The intervening months have only strengthened the case that the White House manipulated the data -- and that, while the intelligence was flawed, that wasn't why we went to war:
Paul R. Pillar, who was the national intelligence officer for the Near East and South Asia from 2000 to 2005, acknowledges the U.S. intelligence agencies' mistakes in concluding that Hussein's government possessed weapons of mass destruction. But he said those misjudgments did not drive the administration's decision to invade.

"Official intelligence on Iraqi weapons programs was flawed, but even with its flaws, it was not what led to the war," Pillar wrote in the upcoming issue of the journal Foreign Affairs. Instead, he asserted, the administration "went to war without requesting -- and evidently without being influenced by -- any strategic-level intelligence assessments on any aspect of Iraq."
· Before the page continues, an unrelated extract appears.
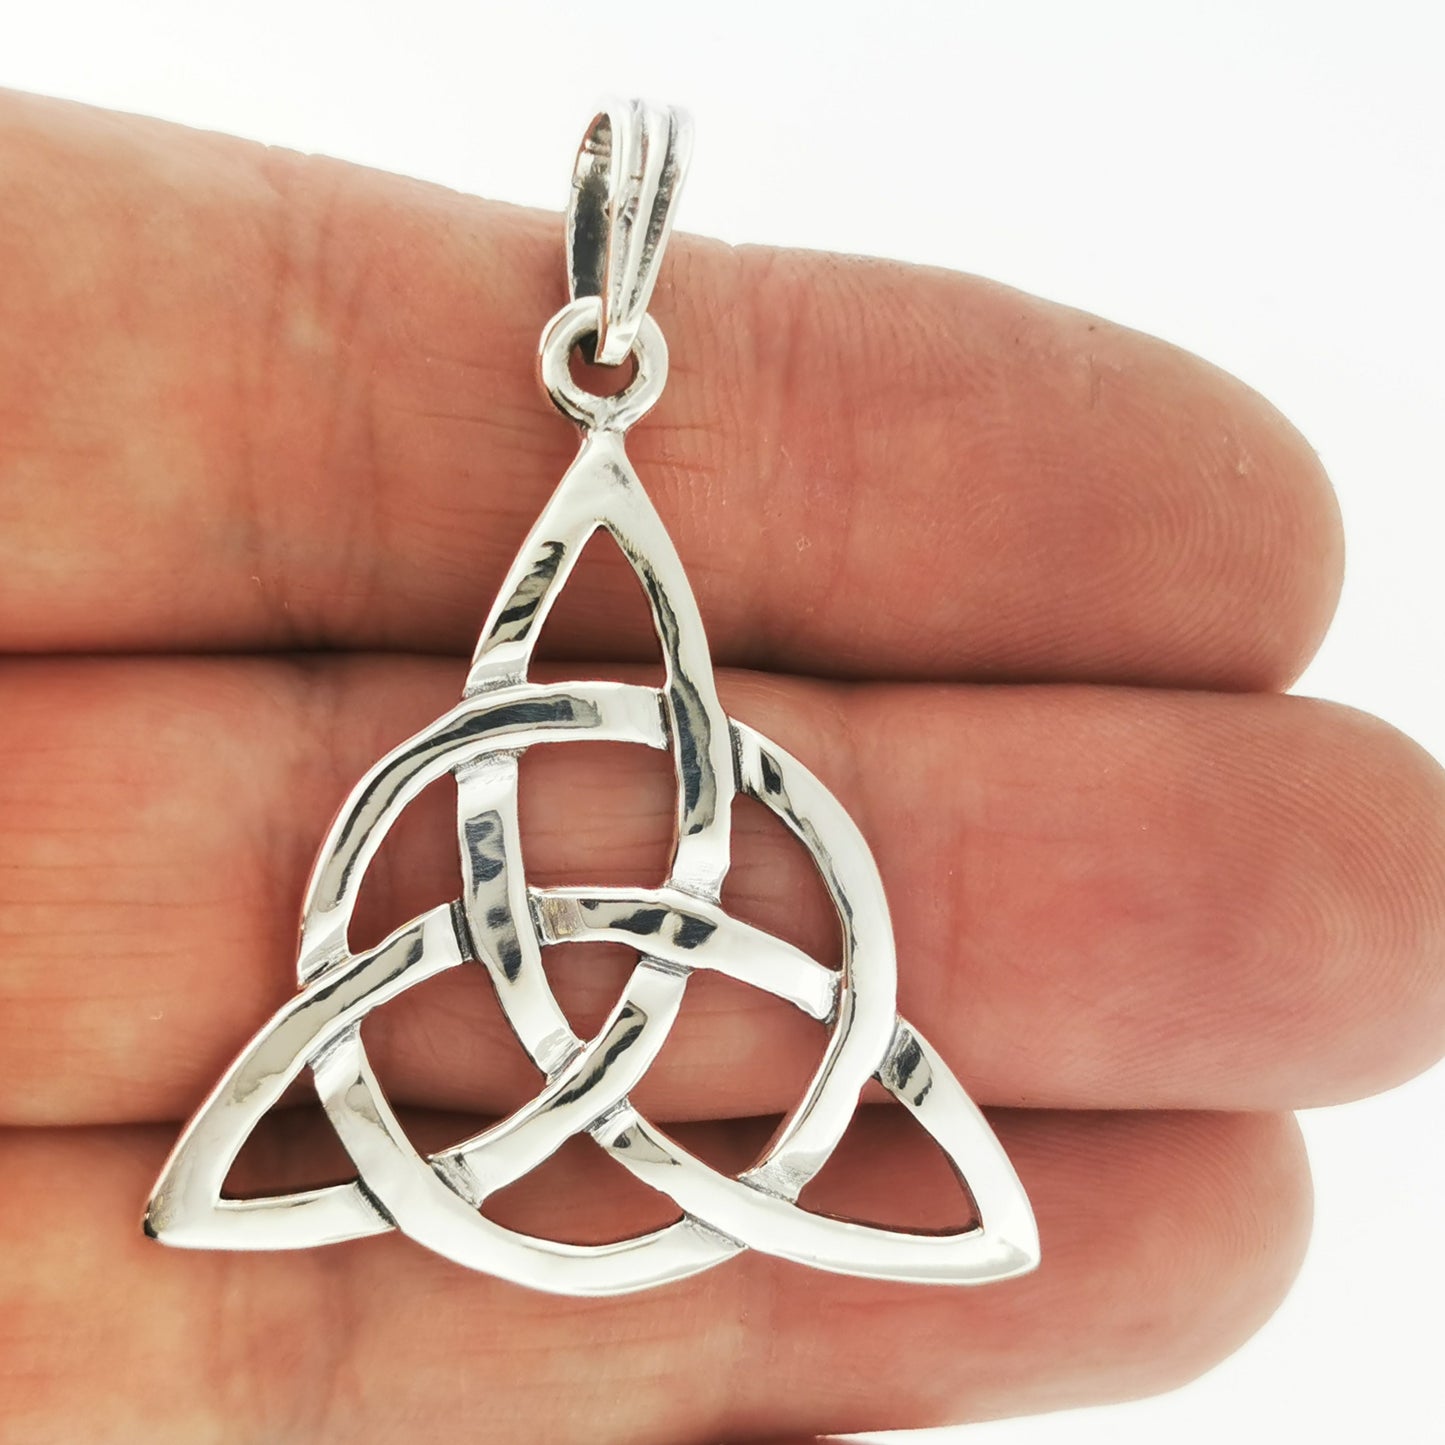 Large Triquetra Pendant in Sterling Silver or Antique Bronze, Celtic Triquetra Pendant, Sterling Silver Triquetra Pendant, Charmed Silver Necklace, Irish Triquetra Pendant, Triquetra Pendant In Sterling Silver, Silver Celtic Jewellery

"It has become clear that official intelligence was not relied on in making even the most significant national security decisions, that intelligence was misused publicly to justify decisions already made, that damaging ill will developed between [Bush] policymakers and intelligence officers, and that the intelligence community's own work was politicized," Pillar wrote.

Nonetheless, a partisan Congress and a mendacious White House -- which set up a Whitewash Commission whose explicit purpose was to avoid the question -- made damned sure that the question of intelligence manipulation was never answered.

But the issue of the nature of Bush's lies not only has lingered, it remains very much in full force in the debate over Bush's use of the National Security Agency to eavesdrop on American citizens. That's because Bush's cover -- that this is all super-secret information that must be kept under wraps in order to confound our enemies -- has not changed since the WMD debacle.

Just as subsequent evidence has made abundantly clear that Bush and his cronies lied about what they knew about WMDs, so is there sufficient reason to believe, as Glenn Greenwald points out, that they are almost certainly lying and have indeed rather nakedly broken the law in the process. And once again, in order to escape any consequences for their lies, they are depending on citizens' beliefs that they possess extra special, super duper triple-dog secret intelligence justifying those moves -- which means, as the execrable Joe Klein put it, that "a strong majority would favor the NSA program ... if its details were declassified and made known."

And of course, anyone seeking to bring the White House to ground over the NSA issue is labeled untrustworthy because they're anti-American Bush-haters.

Oddly enough, Andrew Sullivan has decided to pull off his blinkers regarding the NSA matter and has joined Bush's critics. Funny that he still hasn't figured out that he was wearing the same set of blinkers when it came time to invade Iraq.